Sakarya'nın Adapazarı ilçesinde dayısı tarafından kürekle darp edilen ve hastaneden taburcu olduğu gün fenalaşarak hayatını kaybeden gencin davasına ilişkin karar çıktı. Sanık, maktulün delici matkabını aldığını düşündüğünü, bu sebeple aralarında kavga çıktığını, kürekle yeğenine vurduğunu ancak öldürme kastıyla hareket etmediğini söyledi. Adli Tıp raporunda maktulün kalp damar hastalığı olduğu, sanığın eyleminin ölümü tetiklediği belirtildi. Mahkeme heyeti, taksirle ölüme sebebiyet verme suçundan sanığa 3 yıl 4 ay hapis cezası vererek tahliye etti.
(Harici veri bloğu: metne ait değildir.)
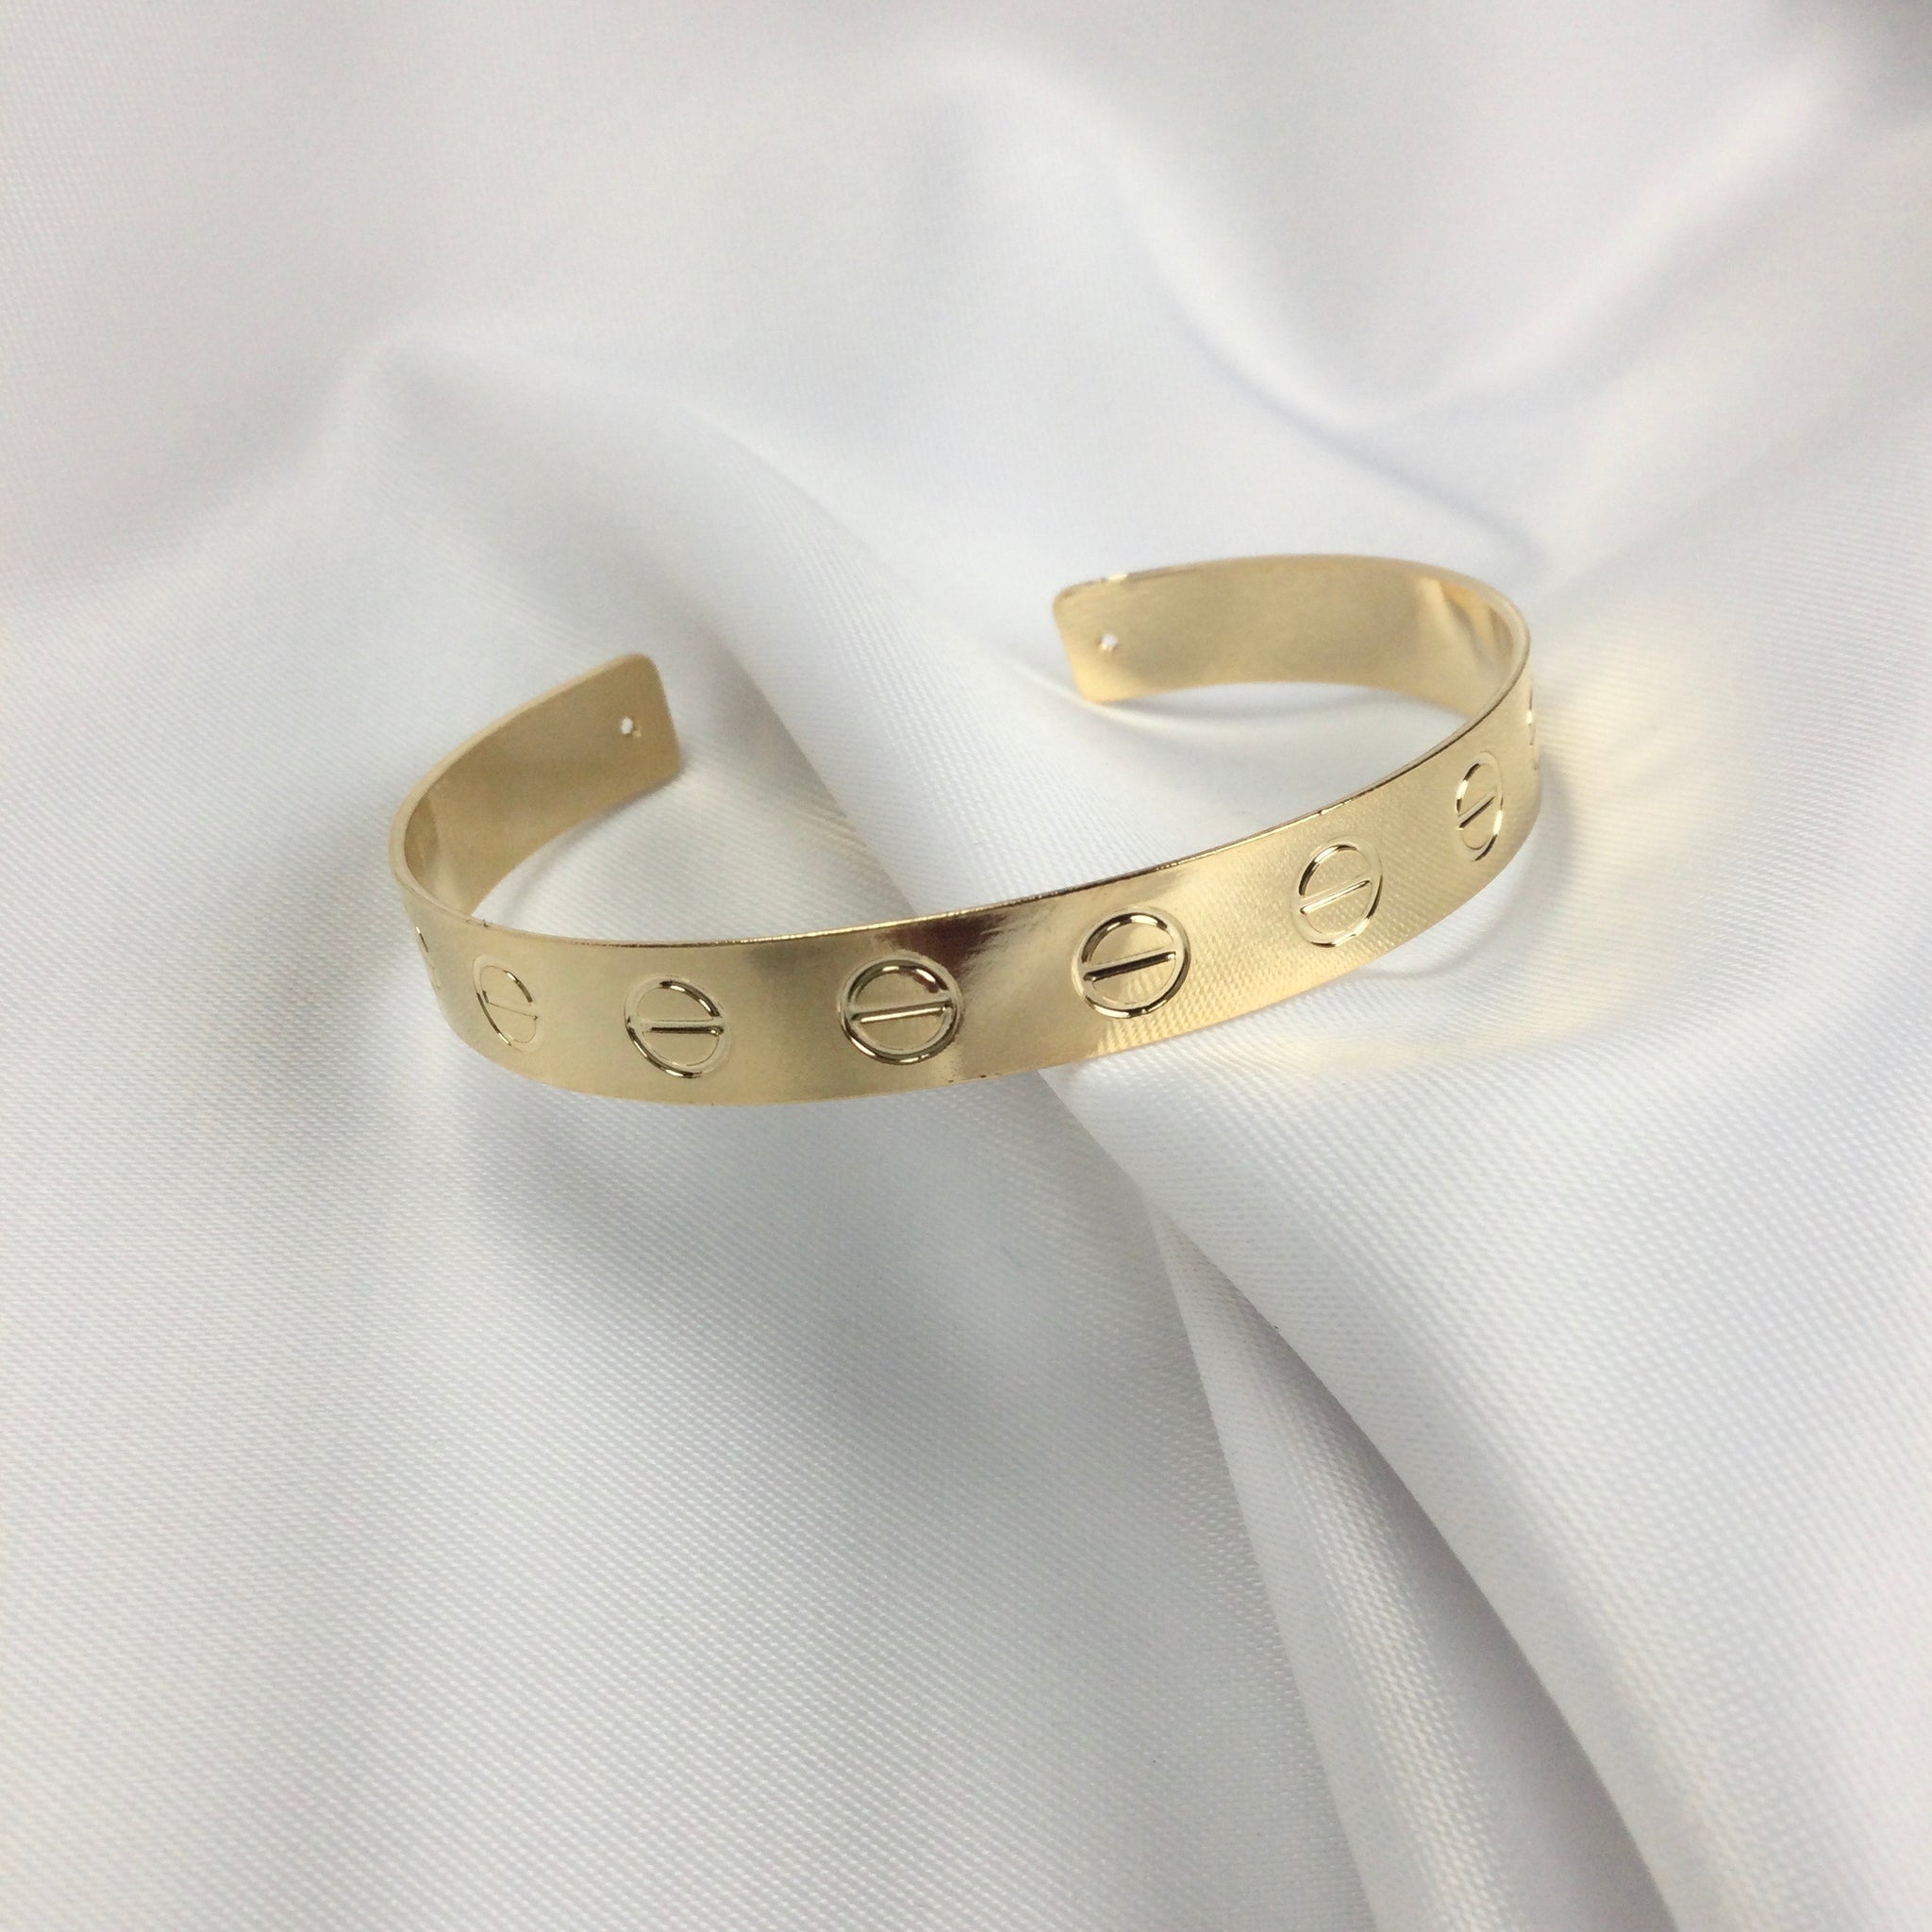 Famous Brand Inspired Half Cuff Bracelet 18k Gold Plated

Olay, 10 Kasım 2023 tarihinde Çukurahmediye Mahallesi'nde meydana geldi. Edinilen bilgiye göre, 44 yaşındaki Yasin T., 24 yaşındaki yeğeni Berat Gülelcin'i kürekle darp etti. Sırtına ve koluna kürek sapıyla vurulan Gülelcin, hastaneye başvurdu. Tedavisinin ardından taburcu olan Berat, bir süre sonra fenalaşarak yere yığıldı. Hastaneye kaldırılan Berat, kurtarılamayarak hayatını kaybetti. Olaya ilişkin inceleme başlatan polis ekipleri şüpheli dayı Yasin T.'yi gözaltına aldı. Emniyetteki işlemleri sonrasında adliyeye sevk edilen şüpheli, çıkarıldığı mahkemece tutuklanarak cezaevine gönderildi.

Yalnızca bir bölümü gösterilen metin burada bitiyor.